Is healthcare a privilege? Or is healthcare a right? It’s a nuanced debate.

When it comes to that debate, according to Kevin D. Williamson in his article The ‘Right’ to Healthcare:

“There isn’t one.”

That’s certainly a hard pill to swallow, particularly for people with chronic illness, or perhaps more popularly, “preexisting conditions.” It’s a term that needs unpacking, but that’s another article.

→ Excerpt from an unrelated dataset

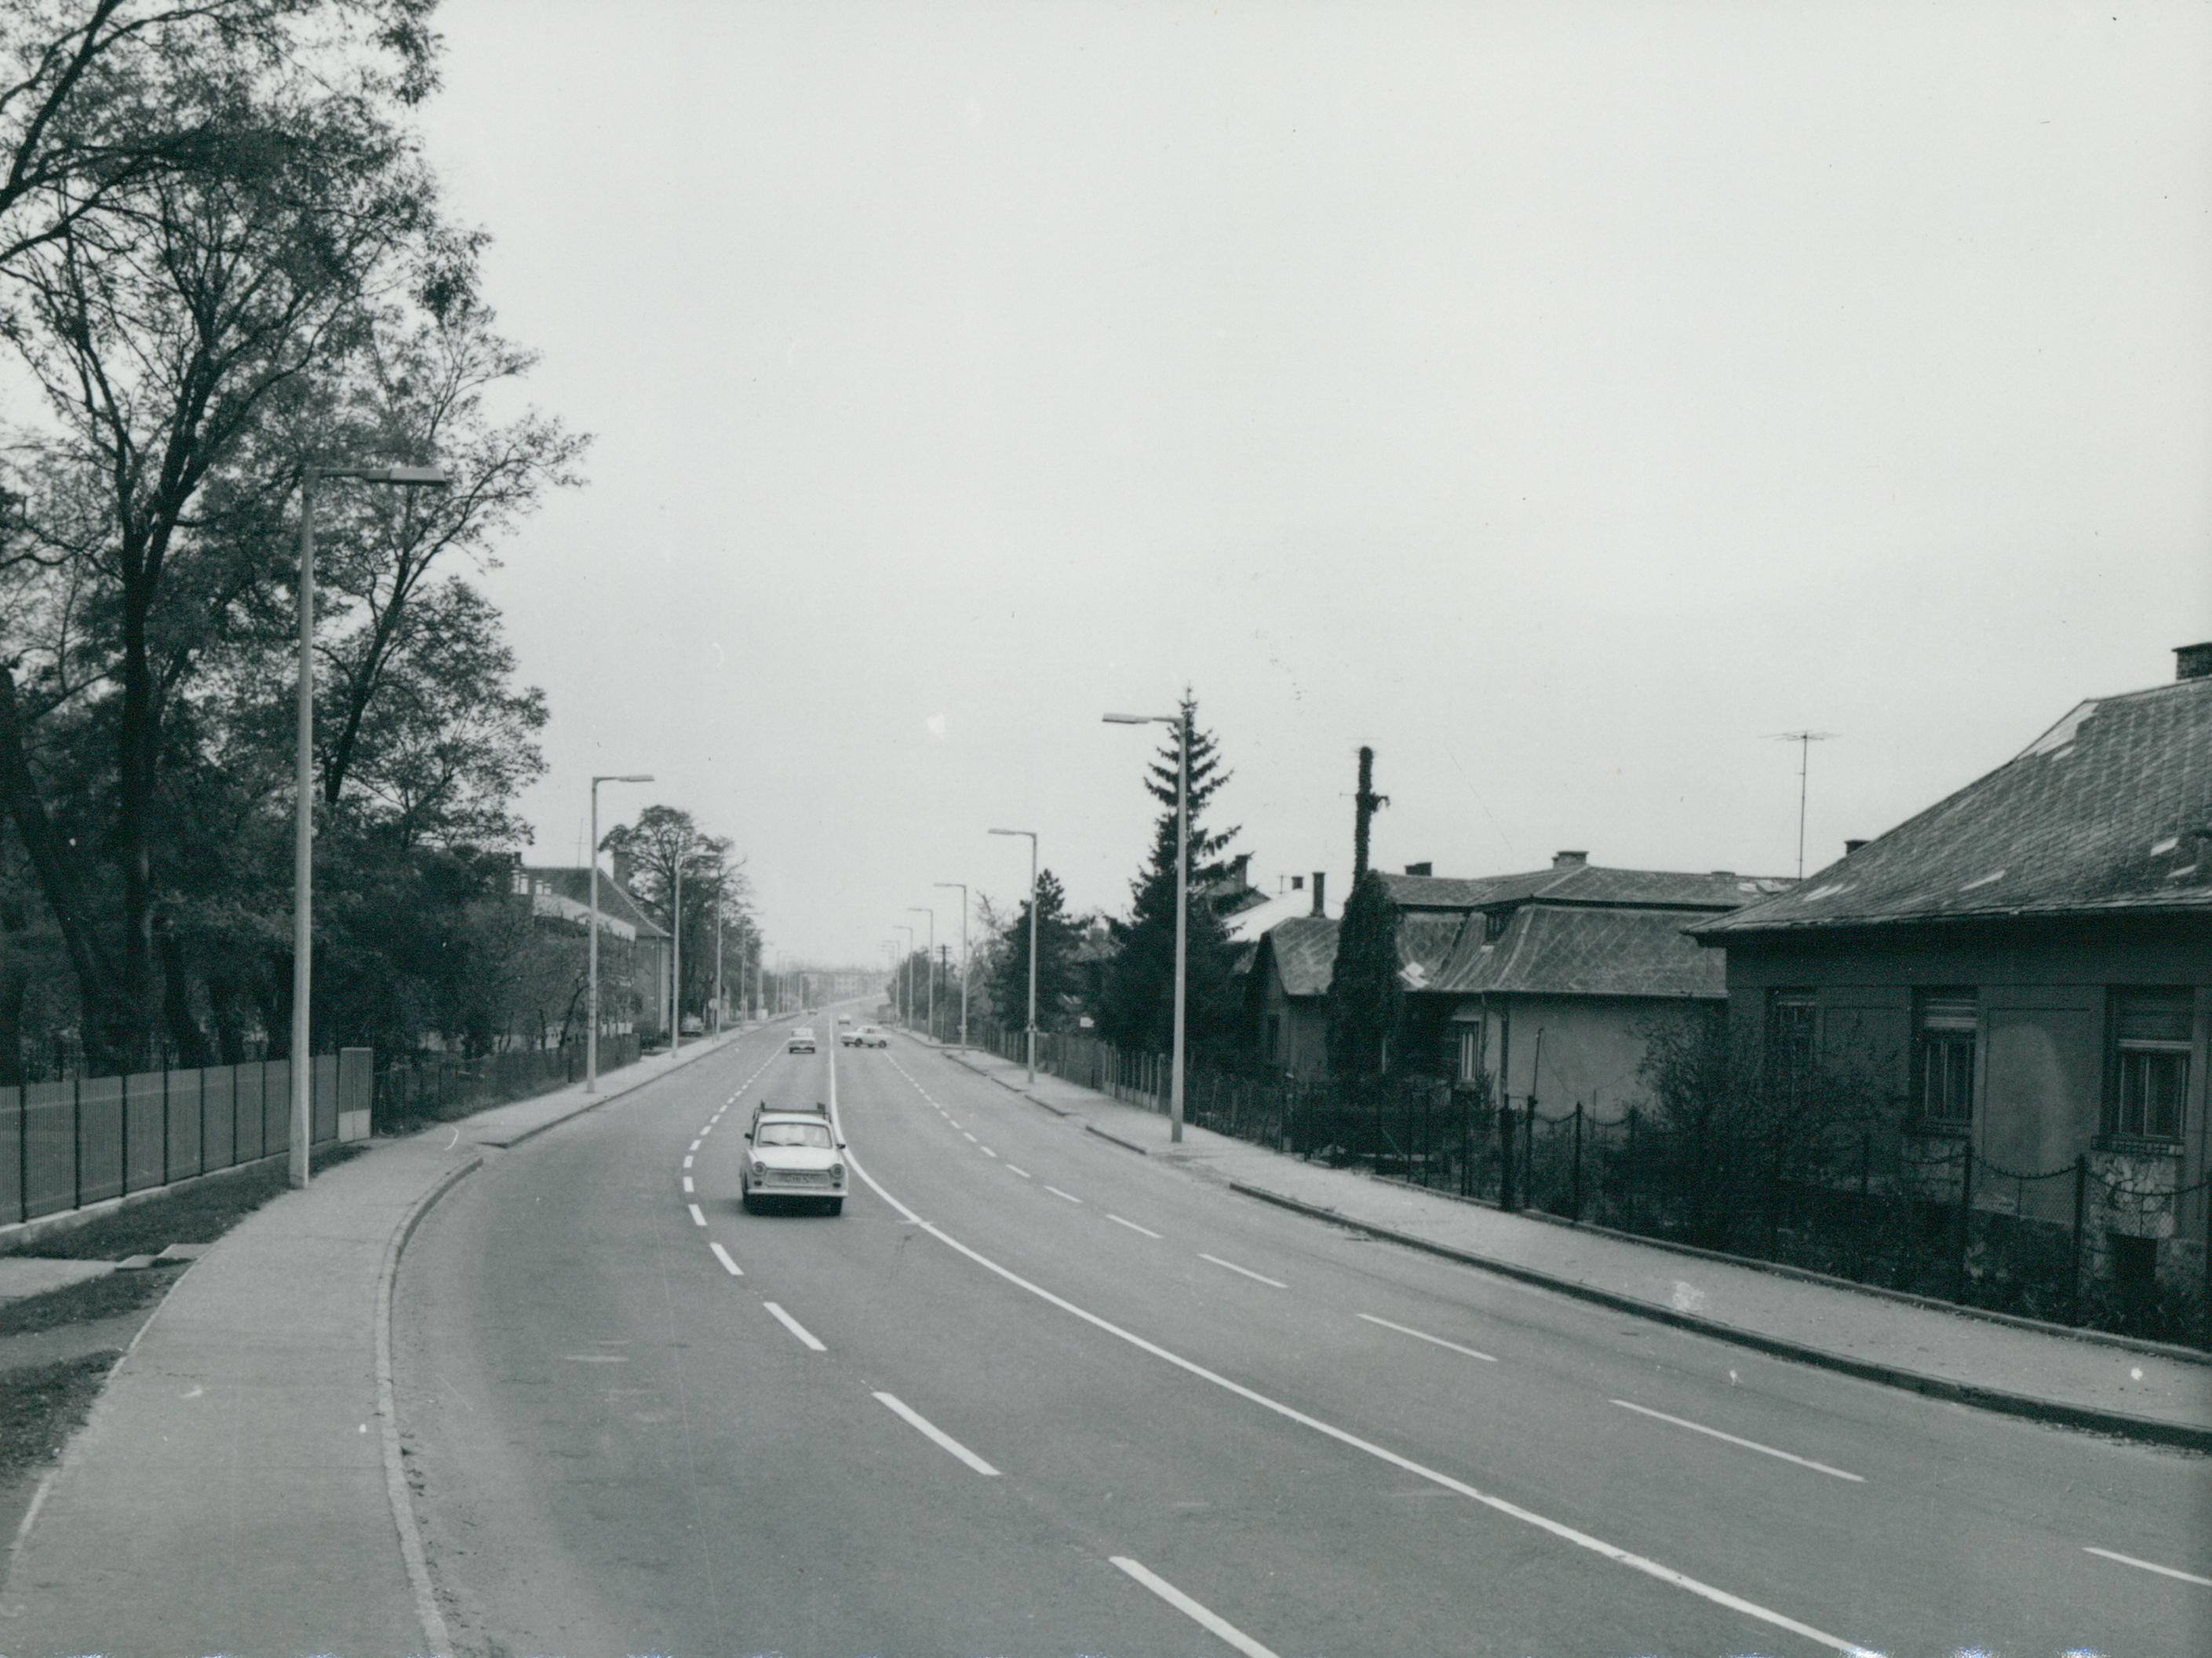 A 4-es főút Debrecenben

Williamson goes on to say there will always be limits on healthcare. He also seems to suggest that the limit to health care is less about cost  and more about available resources, personnel, and time. With that stated, he adds that enough money will secure the care that one needs, because, according to Williamson:

“Rich people get better stuff.”

I can agree with that. More money usually means access to more goods, or a higher quality of goods, or both. Where we part ways, however, is the laissez faire manner in which Williamson accepts the healthcare situation, particularly for poor folk in comparison to rich folk, as inevitable, instead of looking at the causes, or coming up with solutions.

The Problem:

Money isn’t the limit Williamson thinks it is. Yes, things cost money. However, the problem is the stark difference of healthcare between the poor and the wealthy. Does healthcare really cost as much as we pay for it?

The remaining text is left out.